[WORK TO COMPLETE]: From the data that follows, print exactly the lines starting at the one containing "Emilien Claude ist" and ending at the one containing "Dalika Diamond Leafy Stud Earrings"; include both of them and nothing more.

*** Opening SOURCE INFORMATION ***

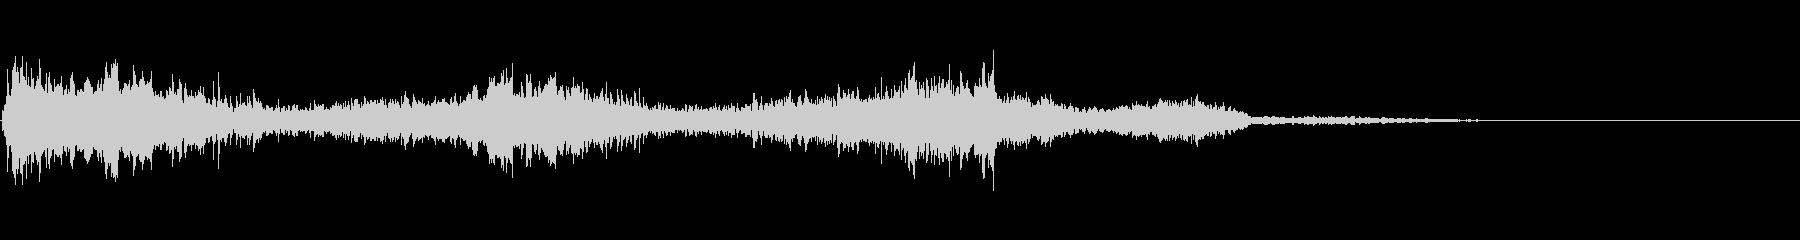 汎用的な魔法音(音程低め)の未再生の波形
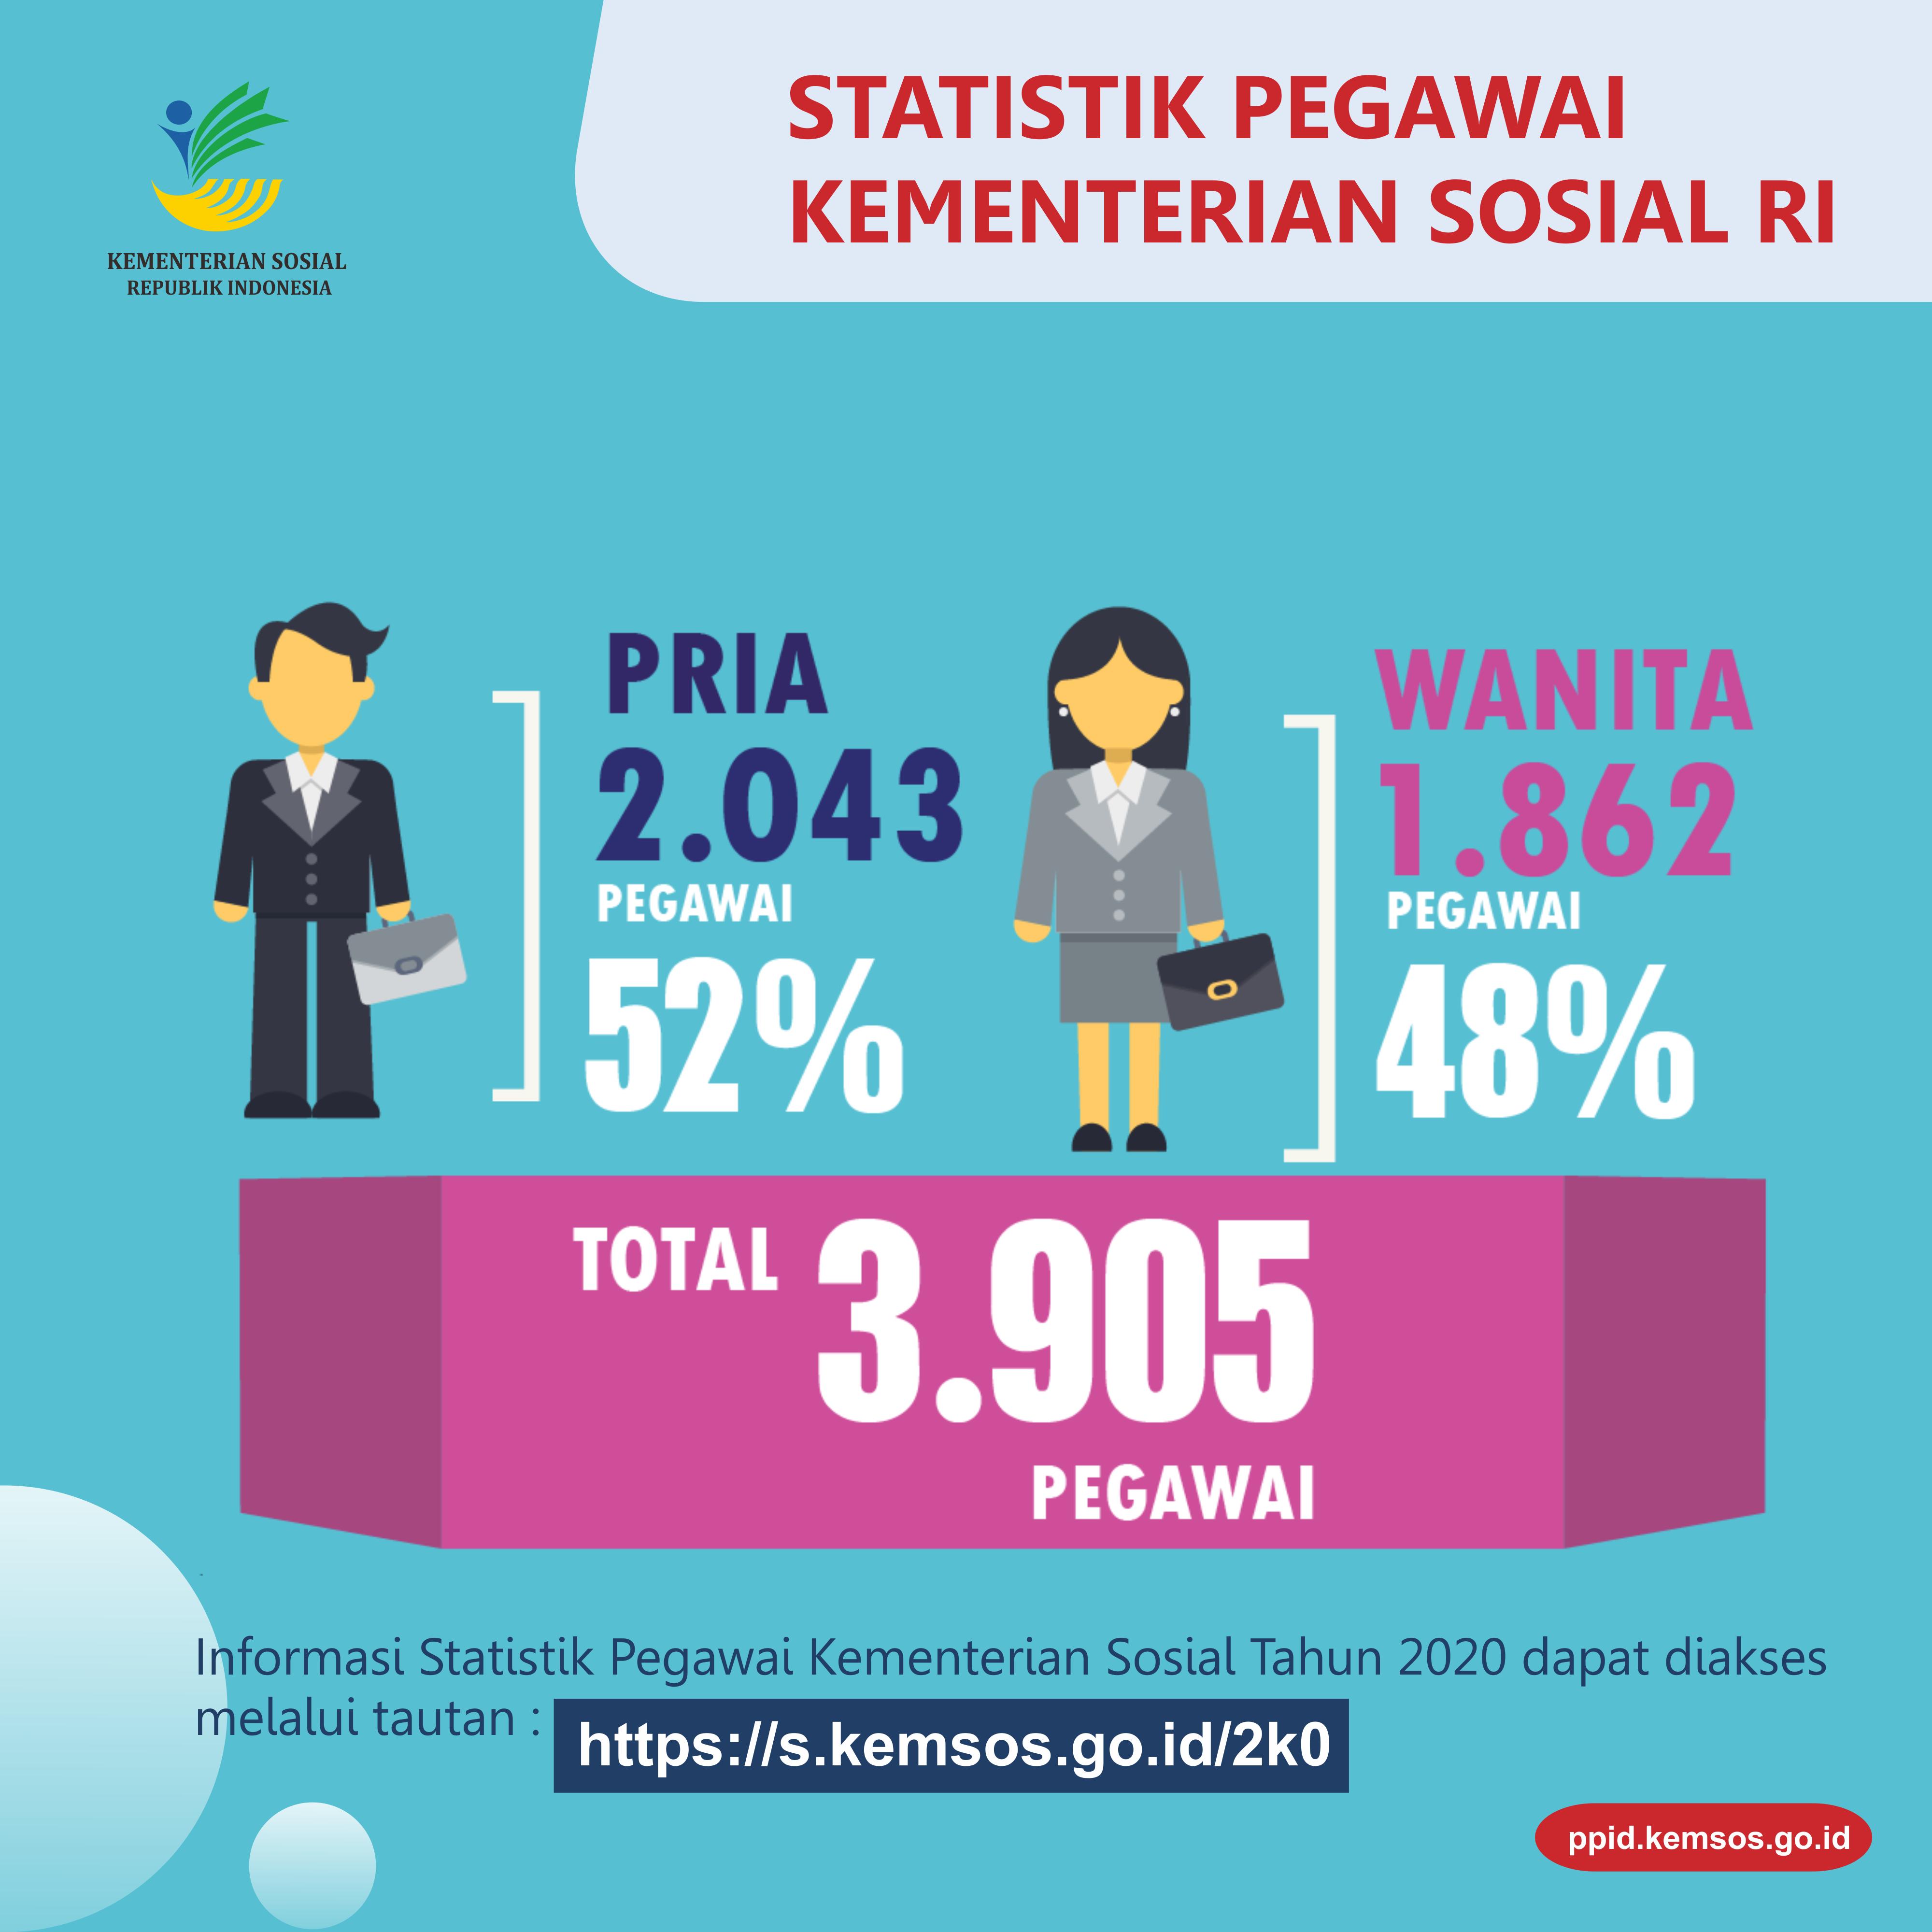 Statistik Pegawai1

*** Closing SOURCE INFORMATION ***
*** Opening SOURCE INFORMATION ***

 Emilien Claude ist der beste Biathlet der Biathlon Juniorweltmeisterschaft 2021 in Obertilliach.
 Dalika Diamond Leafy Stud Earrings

*** Closing SOURCE INFORMATION ***

[SOLUTION BELOW]:
 Emilien Claude ist der beste Biathlet der Biathlon Juniorweltmeisterschaft 2021 in Obertilliach.
 Dalika Diamond Leafy Stud Earrings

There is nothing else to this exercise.